» Supplied information
Start of Block
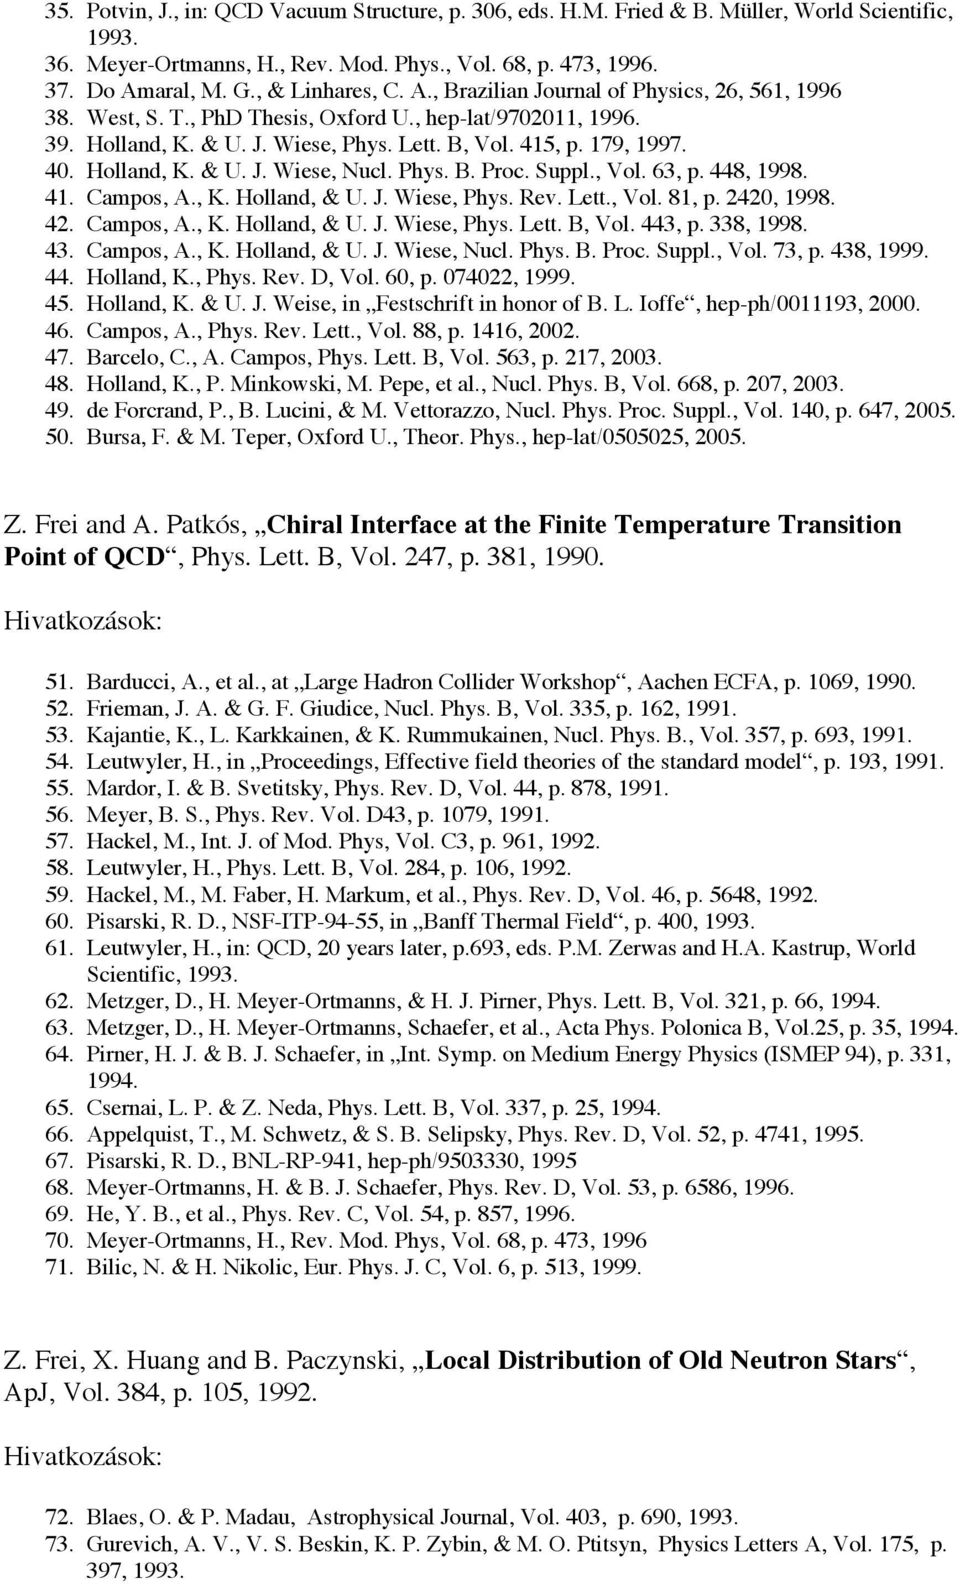 40. Holland, K. & U. J. Wiese, Nucl. Phys. B. Proc. Suppl., Vol. 63, p. 448, 1998. 41. Campos, A., K. Holland, & U. J. Wiese, Phys. Rev. Lett., Vol. 81, p. 2420, 1998. 42. Campos, A., K. Holland, & U. J. Wiese, Phys. Lett. B, Vol.
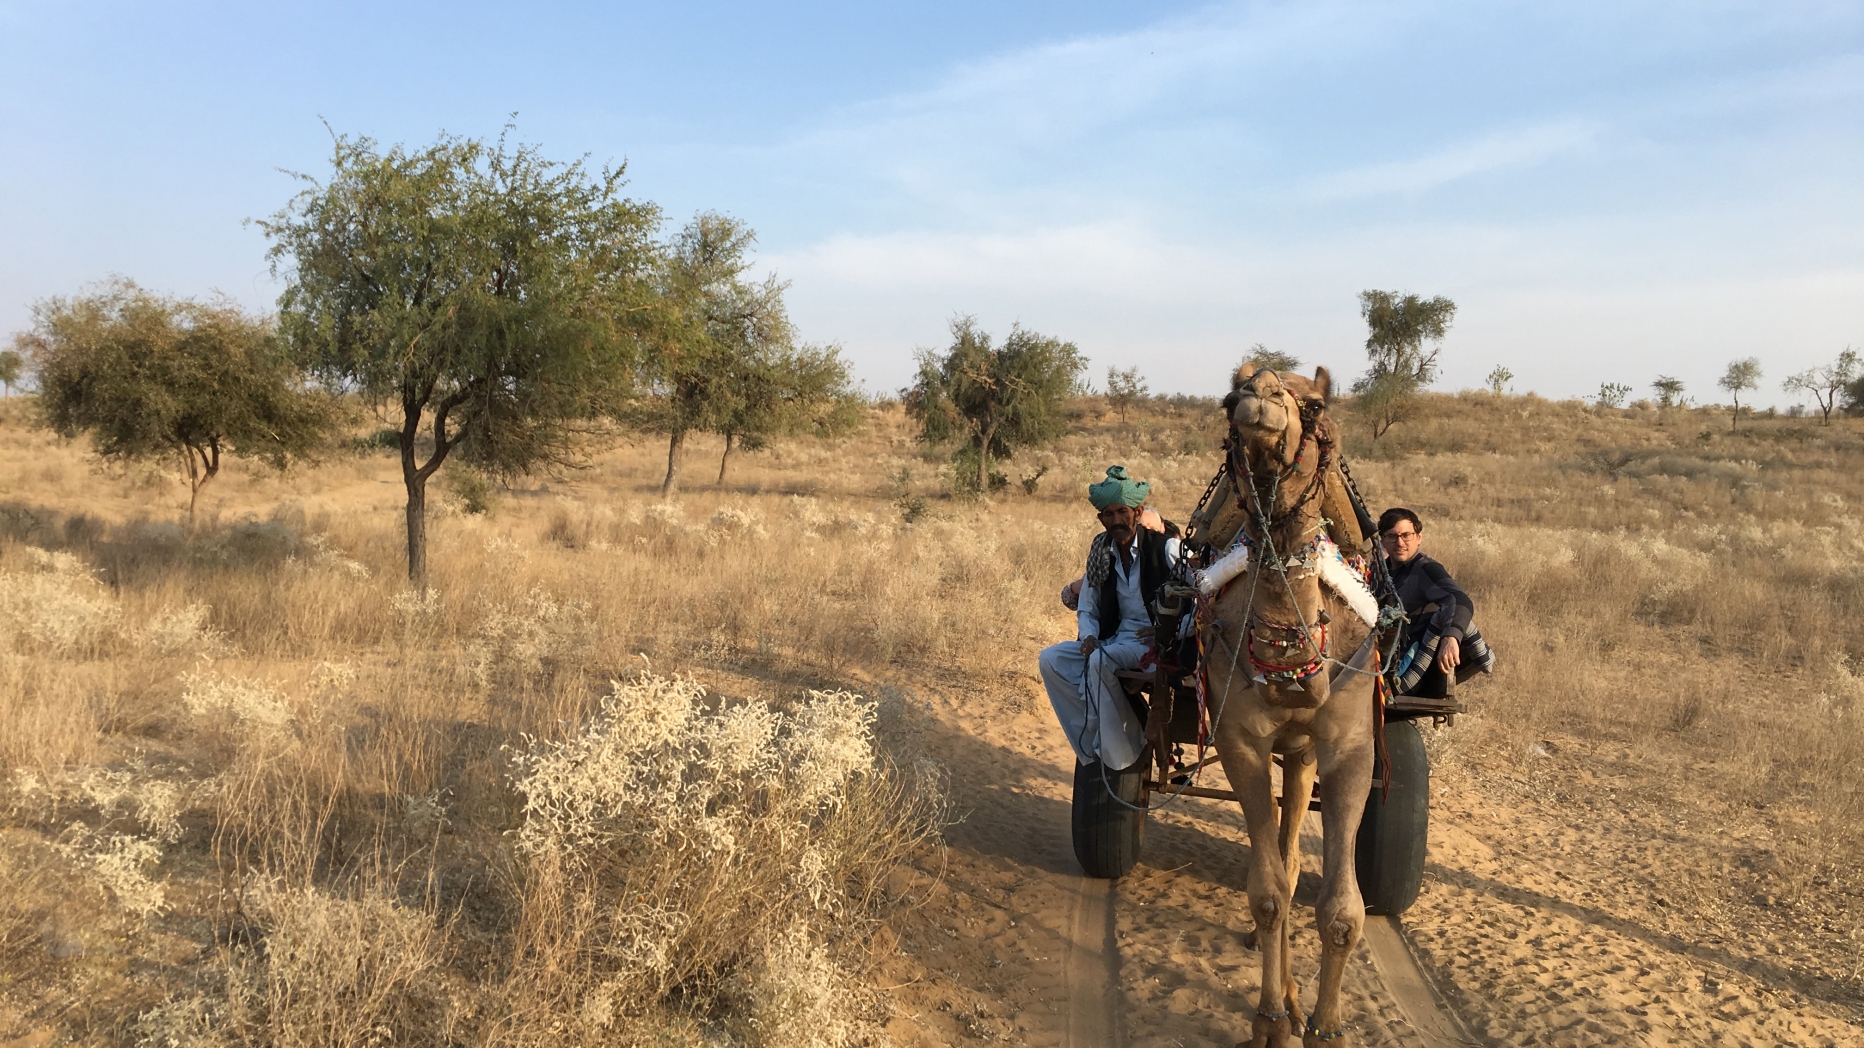 Camel towing people behind
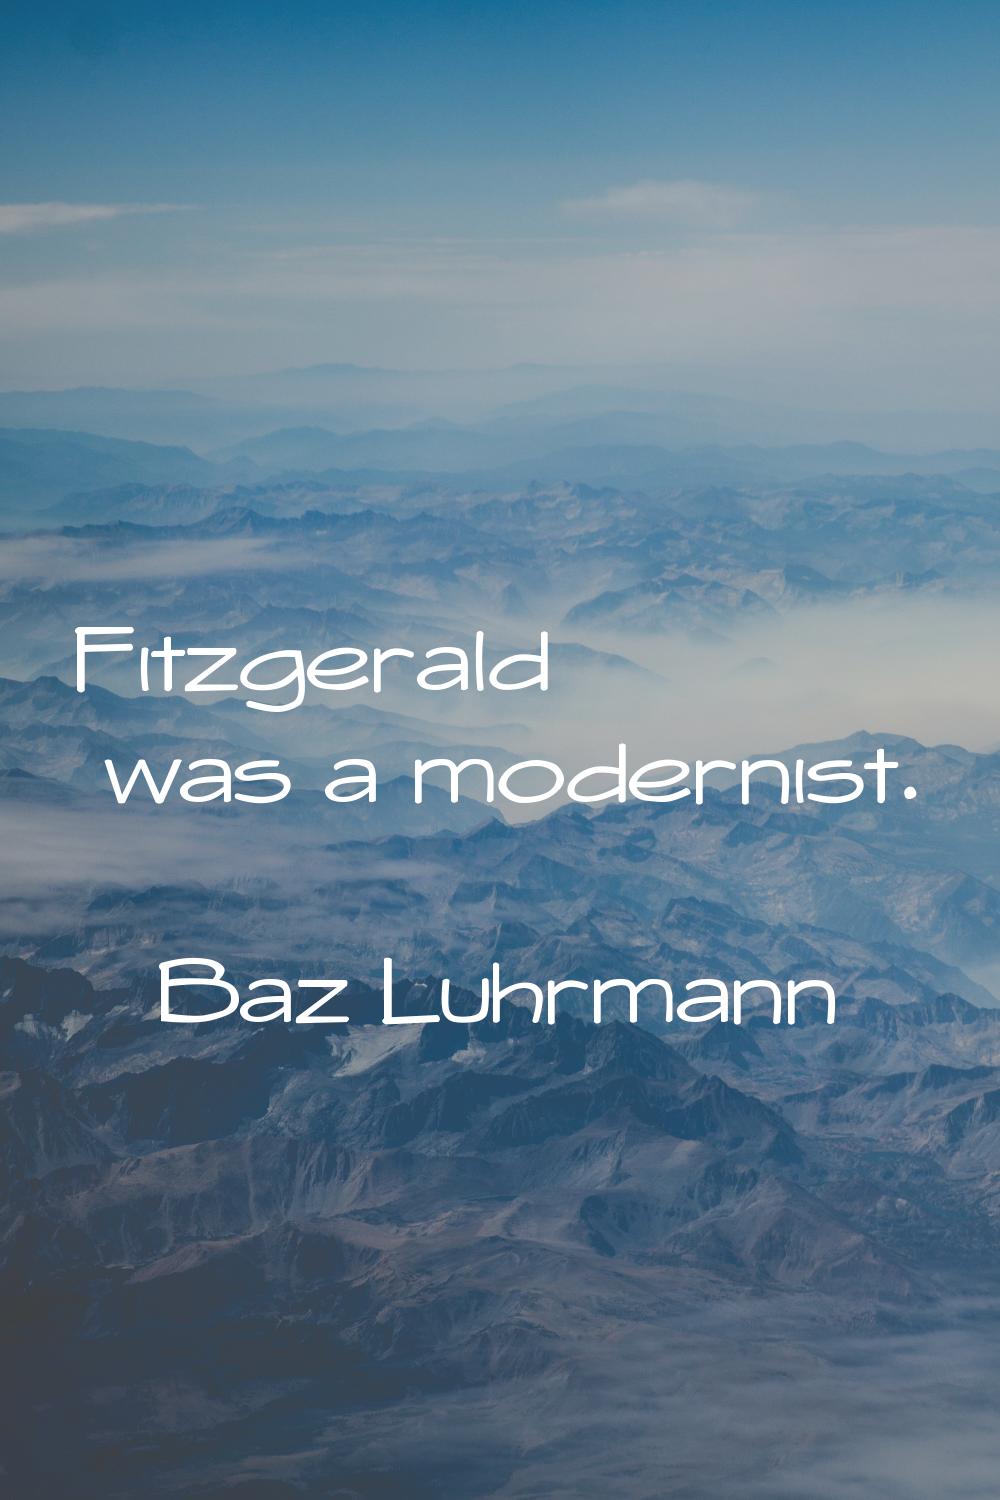 Fitzgerald was a modernist.
End of Block
» Exercise
From the first line to the last, retype the data exactly, but omit every image.

» Solution to the problem
 40. Holland, K. & U. J. Wiese, Nucl. Phys. B. Proc. Suppl., Vol. 63, p. 448, 1998. 41. Campos, A., K. Holland, & U. J. Wiese, Phys. Rev. Lett., Vol. 81, p. 2420, 1998. 42. Campos, A., K. Holland, & U. J. Wiese, Phys. Lett. B, Vol.
 Camel towing people behind
 Fitzgerald was a modernist.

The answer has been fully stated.